I have two datasets: DF1 - data frame which lists heads of states (leader_id) of countries (country_code) and an interval of their time in office (office_interval). DF2 - data frame where every observation is an event that has the country (country_code) and date it occurred (event_date).
reproducible data:
library(lubridate)
#Leader DF
leader_id <- c("Adam","Bob","Charlie")
country_code <- c(1,1,2)
office_interval <- c(interval(ymd("1900-01-01"), ymd("1905-01-01")),
interval(ymd("1910-01-01"), ymd("1915-01-01")),
interval(ymd("1920-01-01"), ymd("1925-01-01")))
DF1 <- data.frame(leader_id, country_code, office_interval)
#Event DF
country_code <- c(1,2,2,1)
event_date <- c(as.Date("1901-01-01"),
as.Date("1902-01-01"),
as.Date("1921-01-01"),
as.Date("1901-02-02"))
DF2 <- data.frame(country_code, event_date)
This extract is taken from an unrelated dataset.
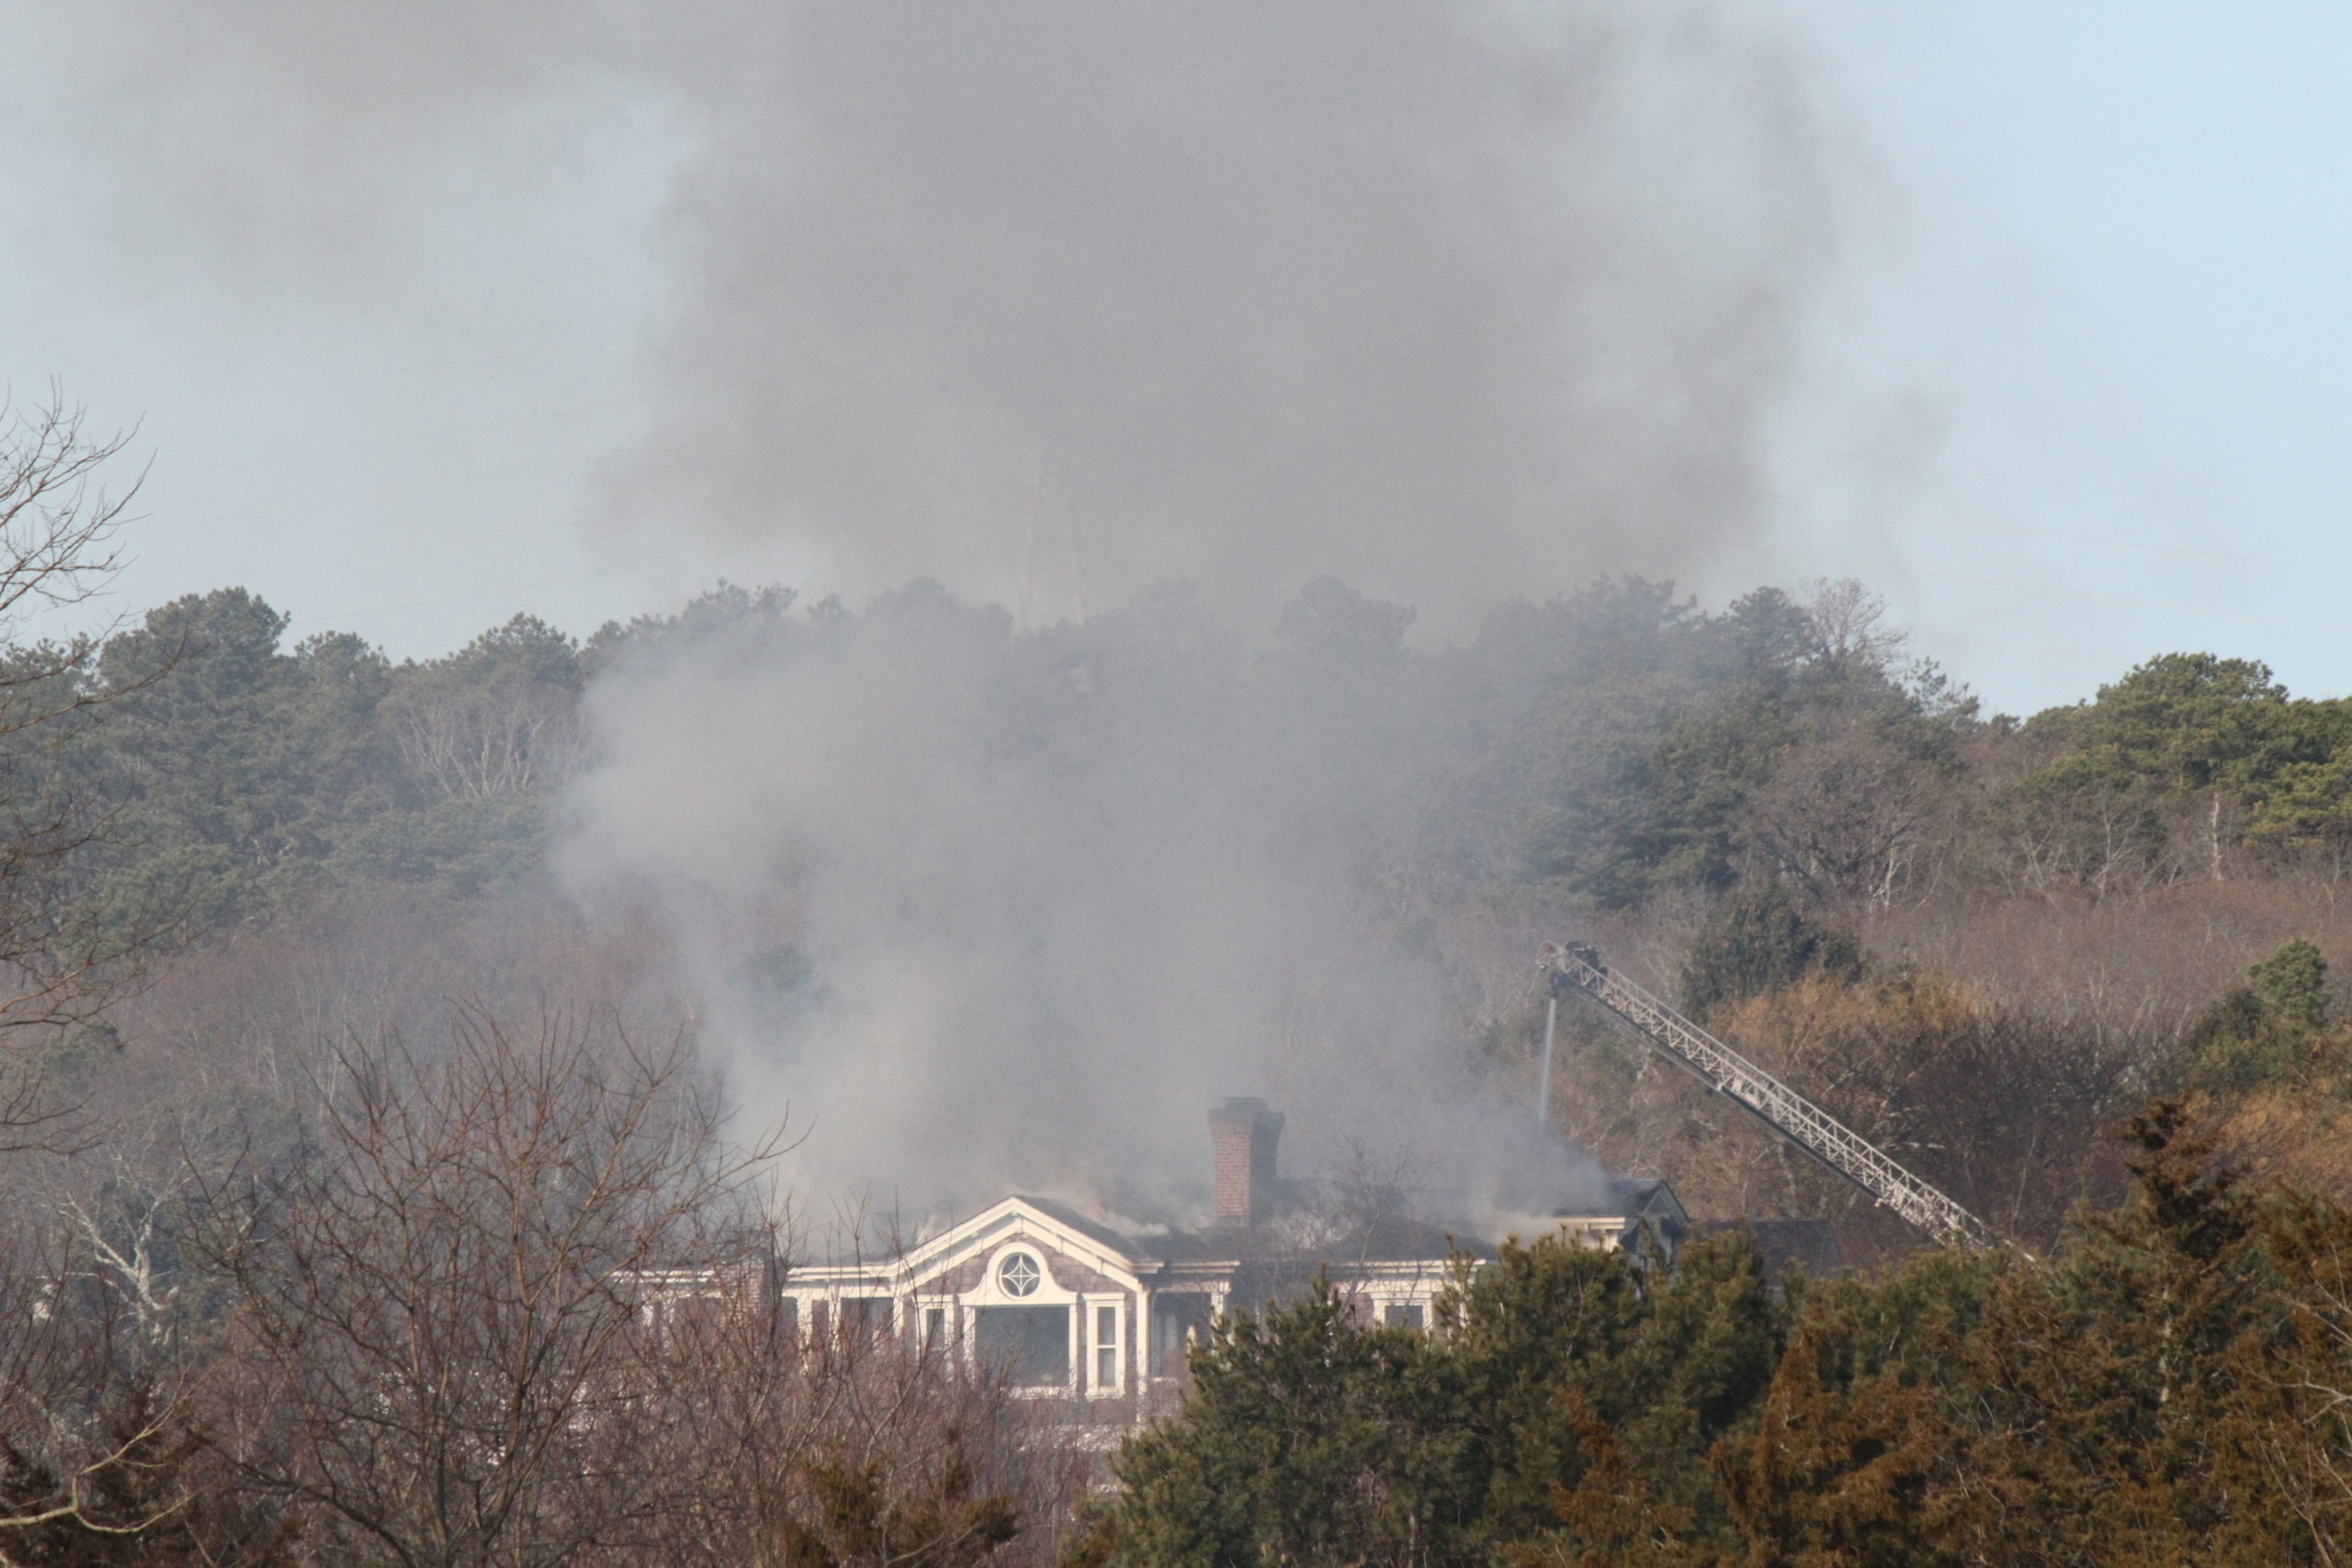 Fire destroyed a Water Mill mansion on Saturday morning. The house was on Little Noyac Path, which does not have fire hydrants, forcing fire crews from throughout the South Fork to rely on tanker trucks to supply the water needed to fight the flames. 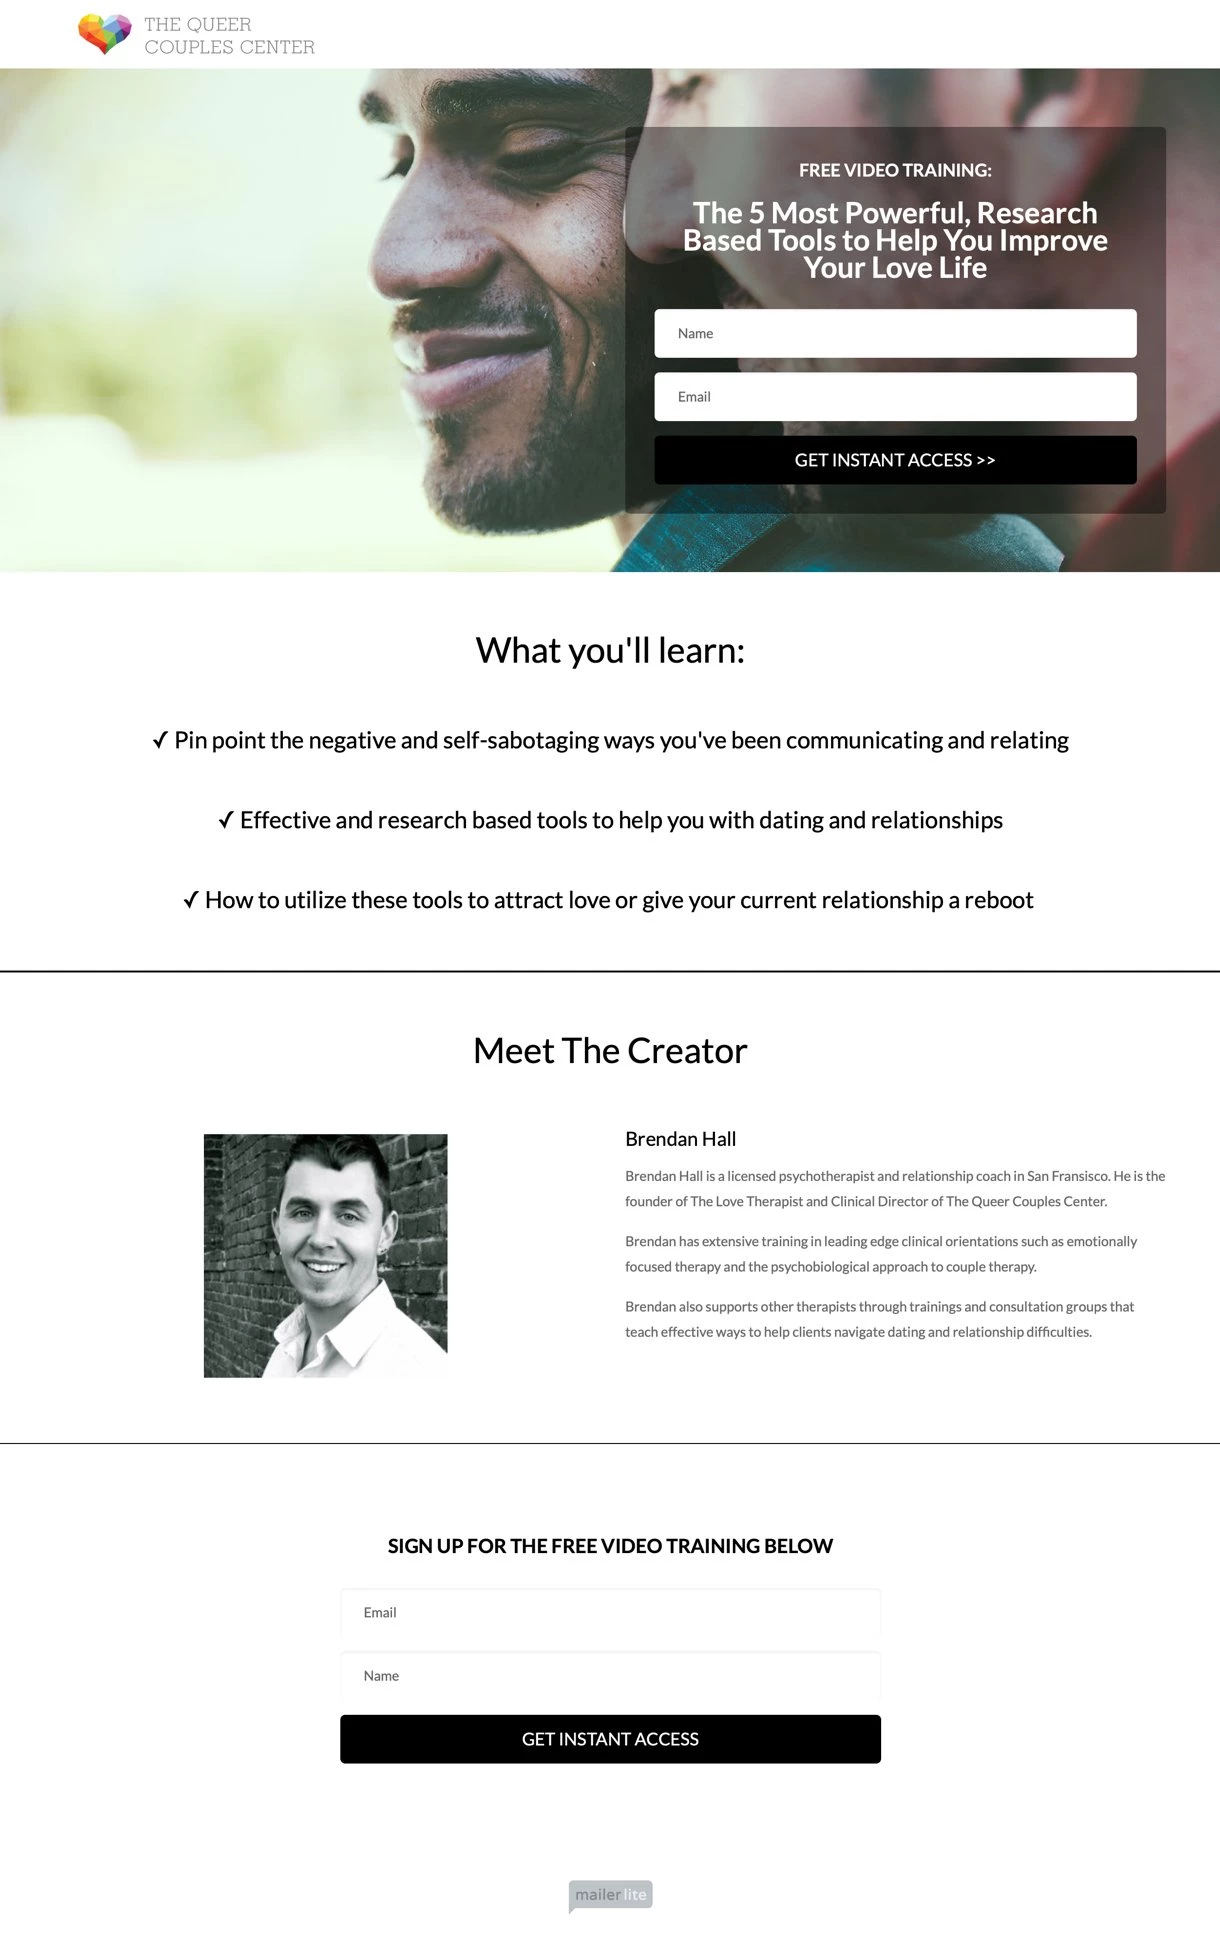 The Queer Couples Center video series landing page built with - MailerLite

I would like to create a new column, DF1$total_events, that sums the total number of observations in DF2 that occur within the same country_code and office_interval for each leader in DF1. It should look like this:
leader_id country_code1 office_interval total_events
1 Adam 1 1900-01-01 UTC--1905-01-01 UTC 2
2 Bob 1 1910-01-01 UTC--1915-01-01 UTC 0
3 Charlie 2 1920-01-01 UTC--1925-01-01 UTC 1
I've tried to modify some solutions from this similar question, however i can't get anything to work on my data.